Gli aspetti psicosociali. In alcuni studi, vari tipi di terapia psicologica (terapia cognitivo-comportamentale,
psicoterapia, tecniche di rilassamento) hanno mostrato risultati apprezzabili. Poche sedute strutturate (in media sei) di
psicoterapia comportamentale possono essere efficaci per migliorare i sintomi. In alternativa, può essere utile
dedicare parte del tempo al relax attraverso corsi di yoga o di ginnastica dolce o a qualsiasi attività piacevole che aiuti
a rilassarsi.
I farmaci. La maggior parte delle persone non richiede alcun trattamento. I farmaci possono avere un effetto
controproducente in individui psicologicamente labili, rinforzando un comportamento da malato che può diventare
patologico. Peraltro, nessun farmaco si è dimostrato efficace sull’intero complesso dei sintomi. Gli studi condotti
hanno coinvolto per lo più pazienti afferenti ad ambulatori specialistici con malattia più grave o atipica, comunque
non rappresentativi per la medicina generale. Alla fine degli anni ’90, nuovi farmaci agenti sulla serotonina
(regolatore del riflesso peristaltico e della sensibilità viscerale) avevano destato (artificiosamente) grandi aspettative,
ma si sono rivelati poco efficaci e/o pericolosi. L’alosetron, un antagonista della serotonina, registrato negli USA nel
2000 per il trattamento della sindrome dell’intestino irritabile a prevalente impronta diarroica, nemmeno dieci mesi
più tardi è stato ritirato per i gravi effetti indesiderati tra cui casi di colite ischemica (infarto del colon), e poi
riammesso in commercio con severe restrizioni. Sorte peggiore ha avuto il tegaserod che, potenziando le azioni della
serotonina, veniva proposto per la forma a prevalente stitichezza: è stato ritirato dal commercio (negli USA) nel 2008
per le gravi reazioni avverse di tipo gastrointestinale e cardiovascolare (infarto e ictus) associate al suo impiego.

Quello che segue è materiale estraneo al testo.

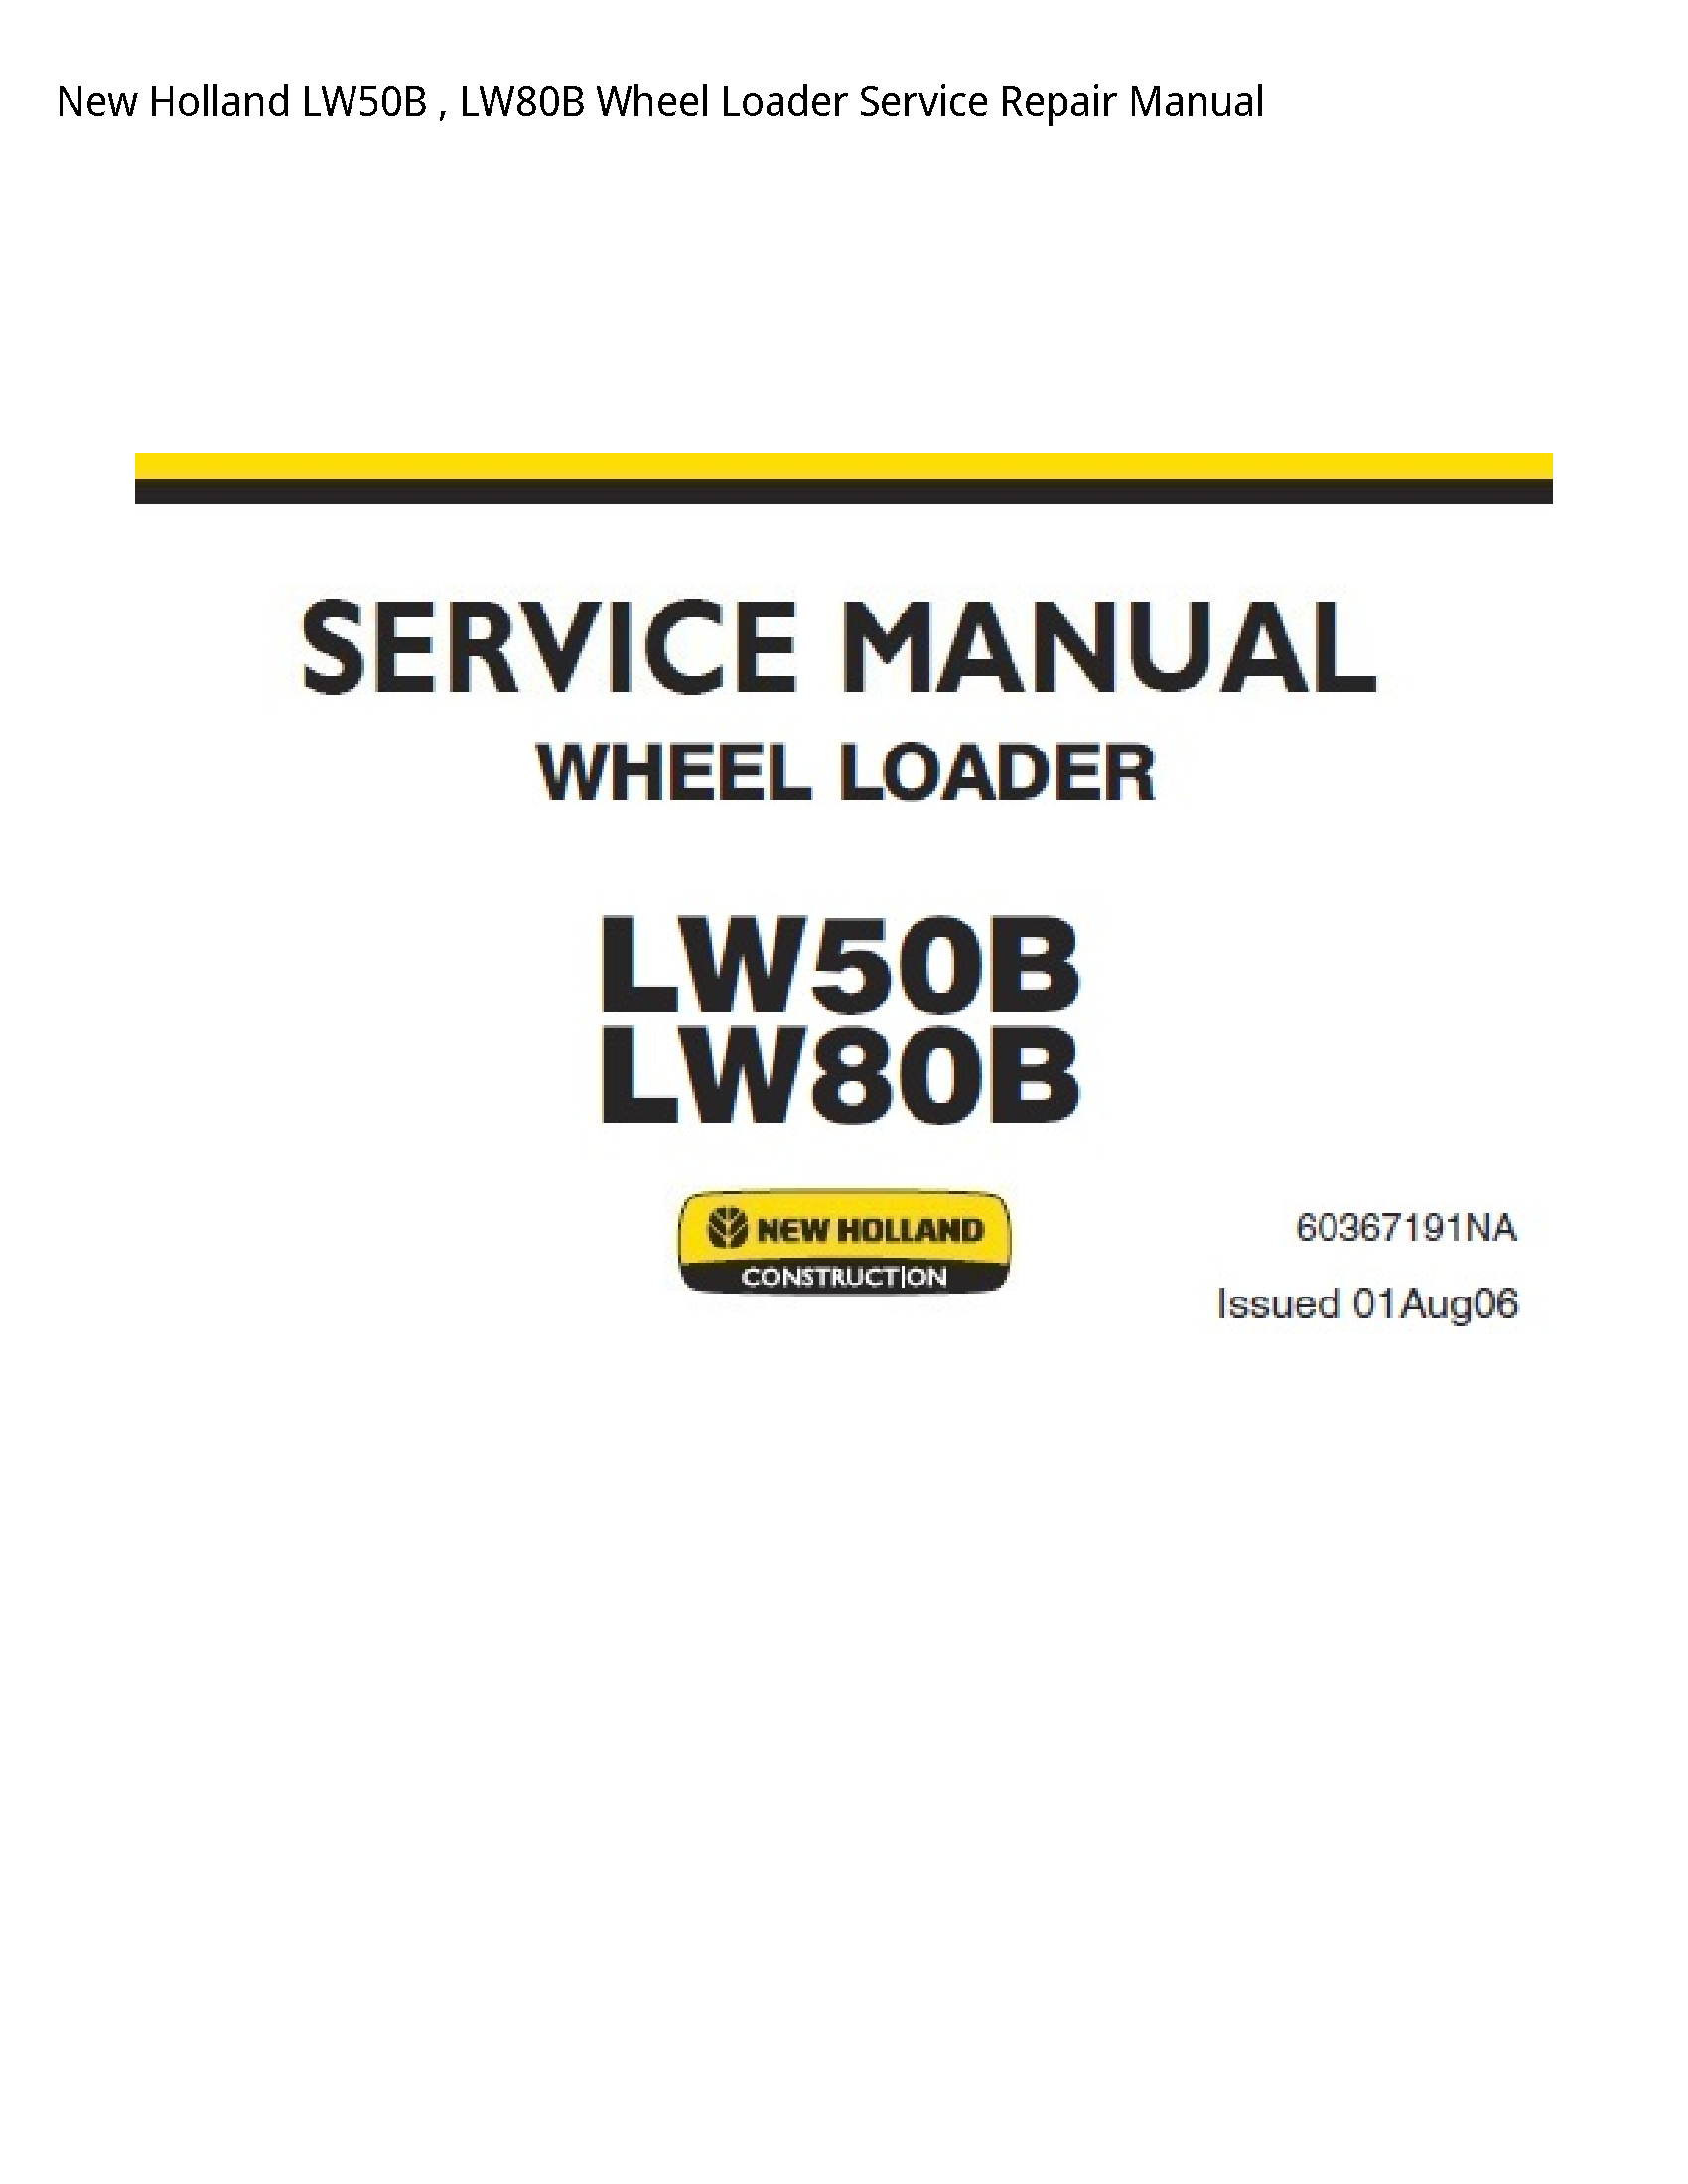 New Holland LW50B Wheel Loader manual

La terapia è quindi empirica e solo sintomatica, finalizzata al controllo del sintomo predominante.
Stipsi. La letteratura conta numerosi studi sui lassativi di volume, ma il loro valore rimane complessivamente incerto.

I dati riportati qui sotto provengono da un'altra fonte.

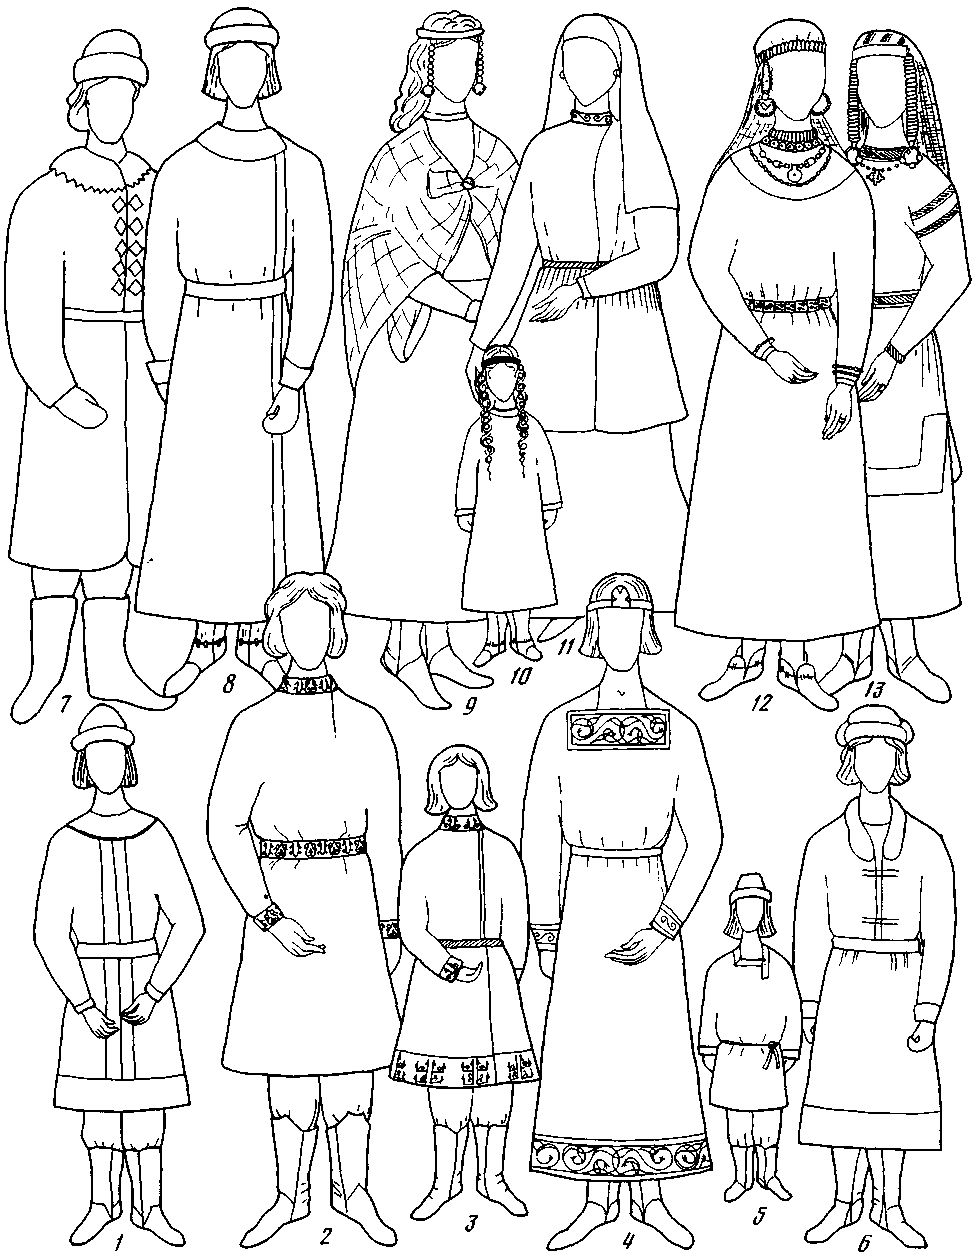 Одежда славян древней Руси рисунок

Secondo alcune revisioni degli studi controllati, solo per lo psillio (seme di piante del genere Plantago) è
documentato un miglioramento della frequenza delle defecazioni e della consistenza delle feci. L’effetto di questi
prodotti, da accompagnare sempre ad un adeguato introito idrico, si manifesta molto lentamente e possono essere
necessari anche alcuni mesi per notare un beneficio stabile.
Sono controindicati i lassativi irritanti in quanto possono aggravare il dolore addominale.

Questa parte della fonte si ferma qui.